Die Abstraktion des Begehrens spielt auch auf dem kommenden Album von Kali Uchis eine Rolle Roter Mond auf der Venus. Ihre Platte konzentriert sich auf das Verlangen, das durch die Symbolik des Mondes und der Venus Wurzeln schlägt. In der Astrologie werden die Positionen des Mondes und der Venus verwendet, um unsere Prüfungen in Liebe, Sex und Beziehungen zu erklären – und auch hier wird das Verlangen durch etwas außerhalb dieser Welt repräsentiert, das uns verwandelt und uns sendet spiralförmig. Aber Uchis erreicht es durch eine anmutige Raffinesse. In der Lead-Single „I Wish You Roses“ geht es mehr darum, nach der Trennung zu einem besseren Menschen heranzureifen, als einem Ex-Liebhaber Glück zu wünschen. „Der Punkt ist, zu feiern, wie man Menschen aus seinem Leben befreit, ohne nachtragend oder verbittert zu sein“, sagte Uchis.

Uchis verwurzelt ihren Soundtrack mit funkelnden Funkgitarren und wiegenden, verführerischen Rhythmen. Während Polachek und Dreijer die euphorische Sehnsucht durch rauschende musikalische Interpretation betonen, unterstreicht Uchis mit gemächlicher Leichtigkeit die angespannte, lüsterne Anziehungskraft. Anstatt den Lichtgeschwindigkeits-Nervenkitzel der Jagd zu reiten, sind wir so lange wie möglich in diesem glückseligen Moment.

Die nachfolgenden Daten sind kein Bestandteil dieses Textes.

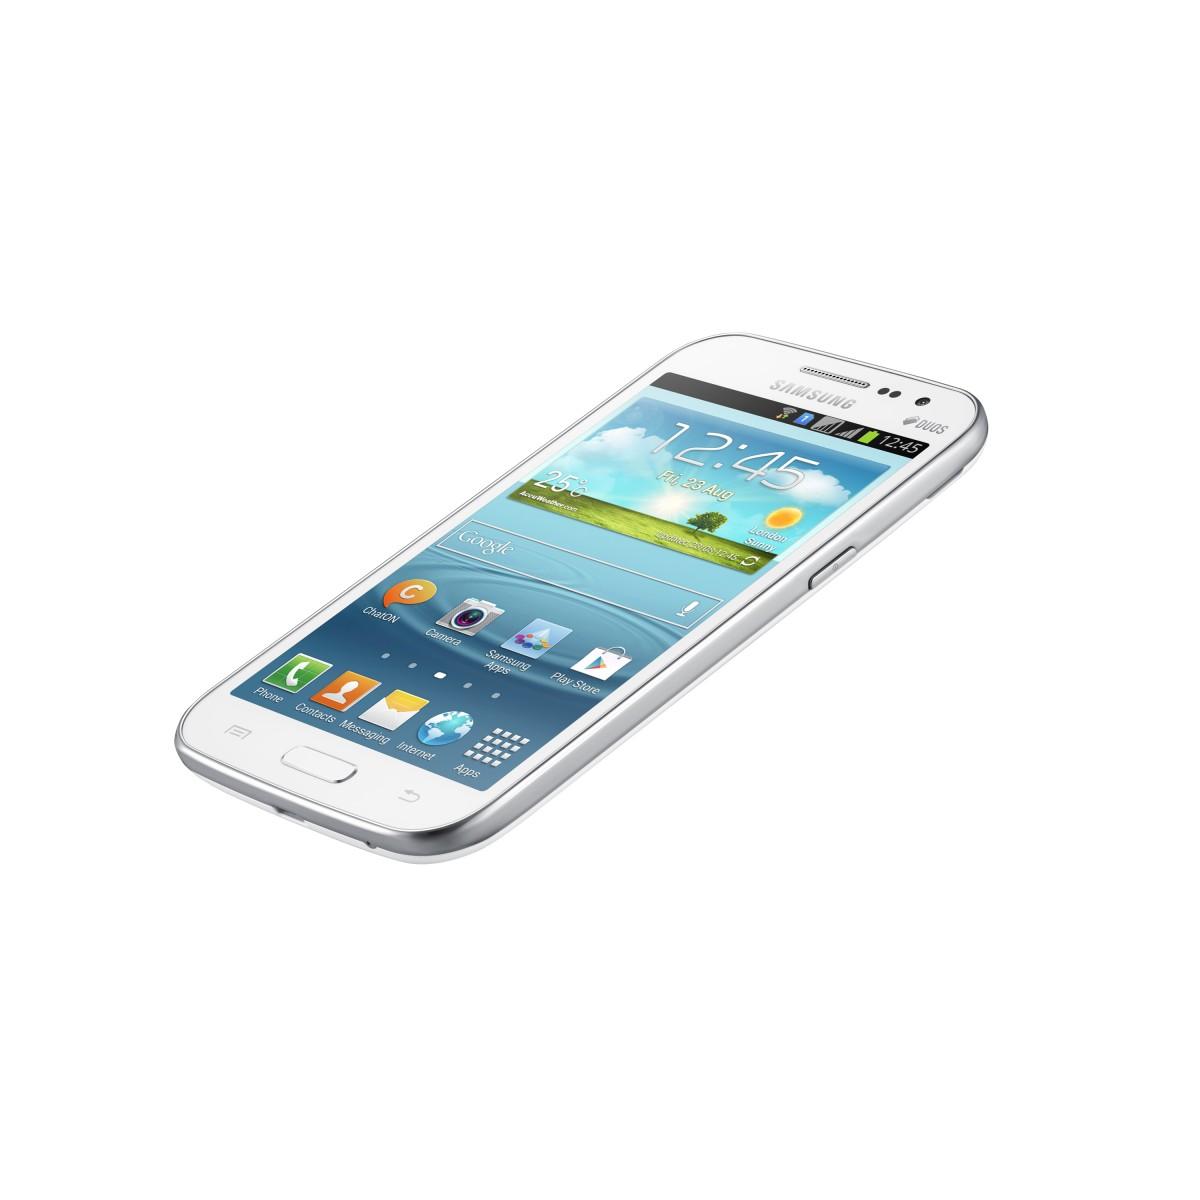 Smartphone Desbloqueado GT-I8552B Galaxy Win Duos Branco com Dual Chip, Tela de 4.7, Android 4.1, Processador Quad Core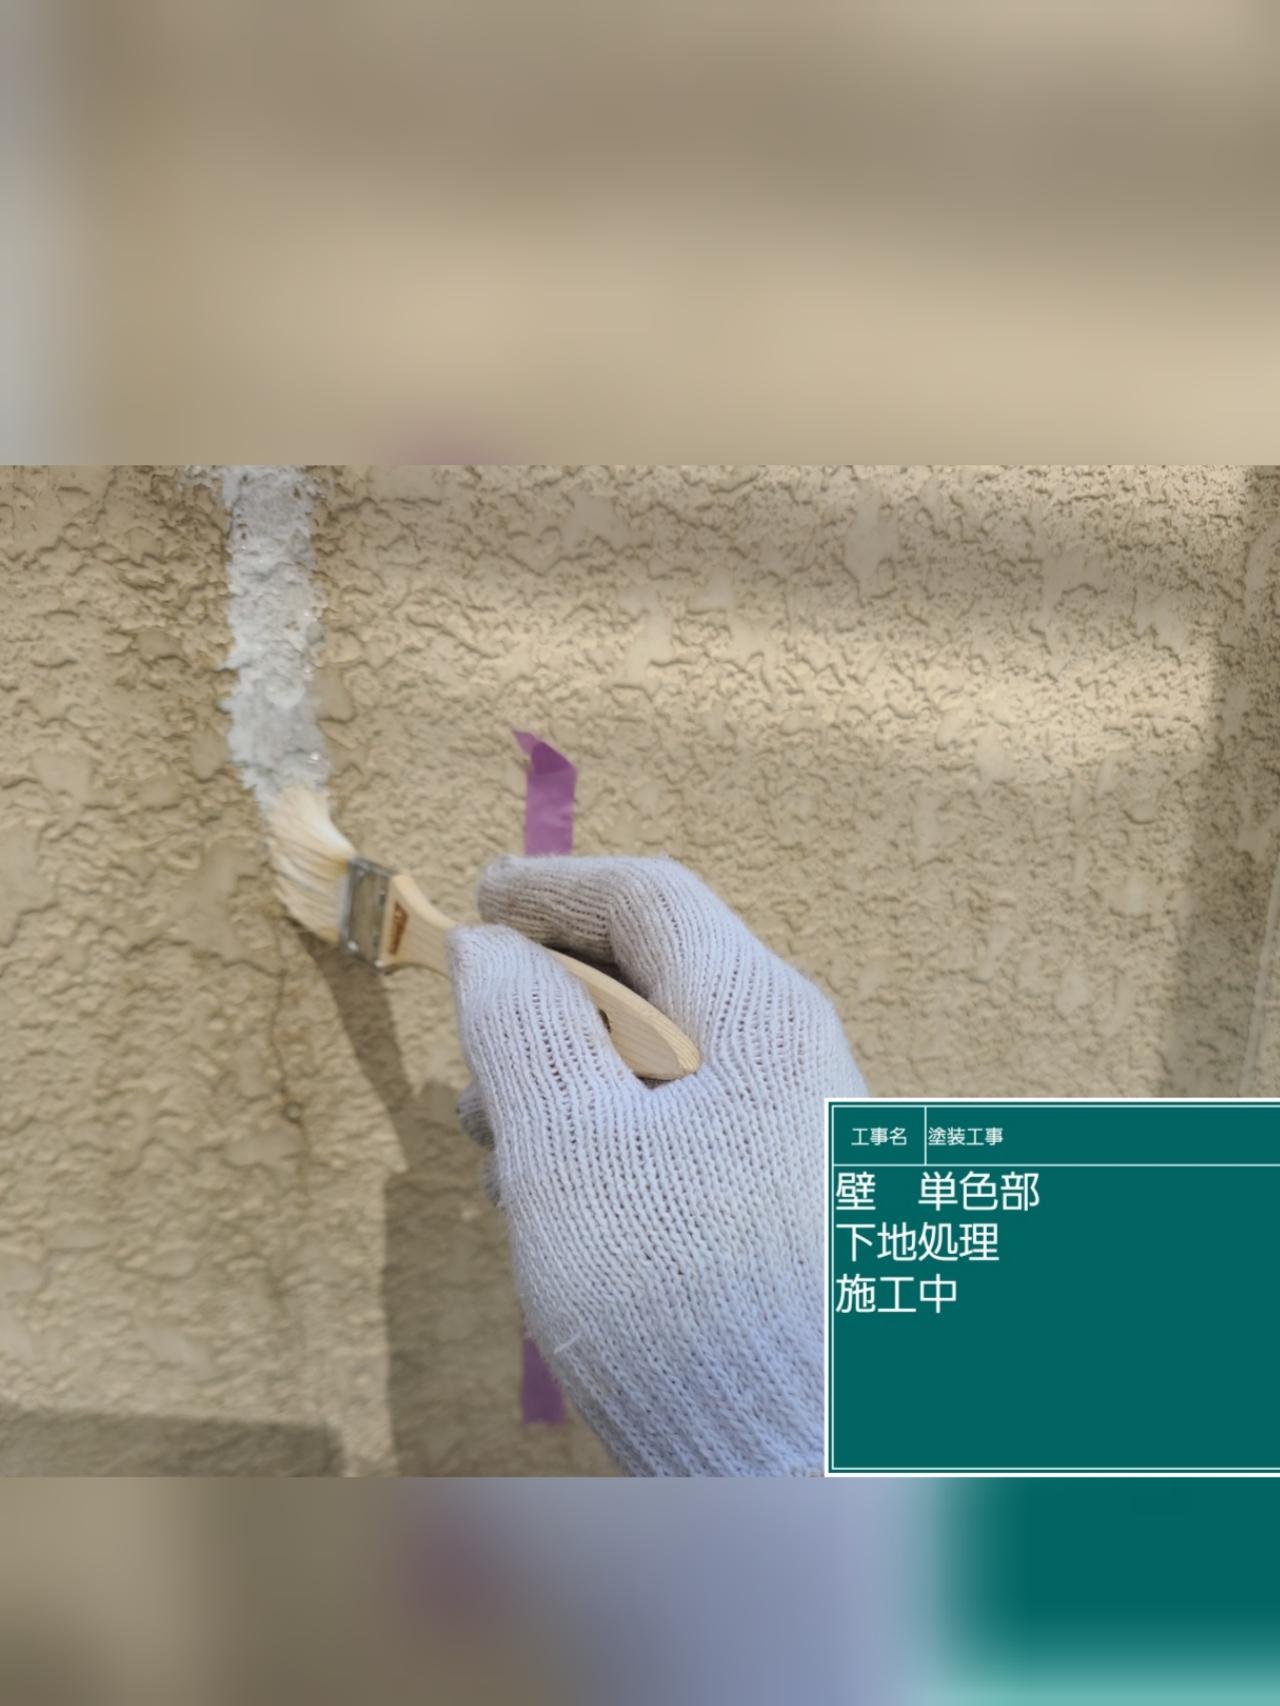 外壁のひび割れ処理もハナマル!【外壁塗装 越谷 埼玉】

Während des gesamten Albums nimmt uns Uchis mit auf eine Reise vom Herzschmerz bis hin zur Suche nach einer größeren Bedeutung durch Liebe und Lust. „I want to be around you every day/ This feeling in my body is not the same“, singt Omar Apollo an der Seite von Kali Uchis auf „Worth the Wait“, ein Highlight, das zeigt, dass die Sehnsucht nach etwas uns nicht nur trägt, sondern auch verändert uns auch. Gegen Ende des Albums genießt sie ihren Selbstwert auf dem funkelnden Pop-Juwel „Deserve Me“ mit Summer Walker und sehnt sich nach einem Vergnügen, das sie hoch hinaus in „Moonlight“ bringen wird. Bei „Fantasy“ mit Don Toliver gibt sie sich jemandem hin: „I just want the fantasy/ Love it when you anbet me.“ Uchis‘ Begierde braucht keine extreme Transformation oder Wiedergeburt, festigt ihr Selbstbewusstsein und befreit Menschen, wenn sie ihr nicht mehr dienen.

Je nach Grad der Verzweiflung kann das Verlangen nach etwas eine leidenschaftliche Jagd oder eine träge Suche sein, sei es nach Liebe, Sex, Essen, spirituellem Wachstum oder einem neuen Modetrend. Es ist eine Motivation, ein Grund zu leben, und wie Polachek und Dreijer gezeigt haben, kann es ein guter Fick sein – aber es ist auch viel mehr als das. Es wird uns in eine Spirale der Transformation schicken. „Die Aufwärtsspirale ist vielleicht das, was wir dem Himmel am nächsten kommen können – eine Art Himmel auf Erden, den wir in Momenten völliger Selbstlosigkeit und Verliebtheit spüren. Das sind wirklich die Momente, in denen man spürt, wie man sich in etwas anderes verwandelt“, sagte Polachek. Verlangen und sein brennendes Streben nach einer sexuellen Revolution oder einem erneuerten, sorglosen Selbstgefühl können die Ketten gesellschaftlicher oder selbst auferlegter Scham sprengen. In Psychologie, Das Leben ist ein „kontinuierlicher Strom des Verlangens“. Kreaturen des freien Willens, wo wären sie ohne Verlangen?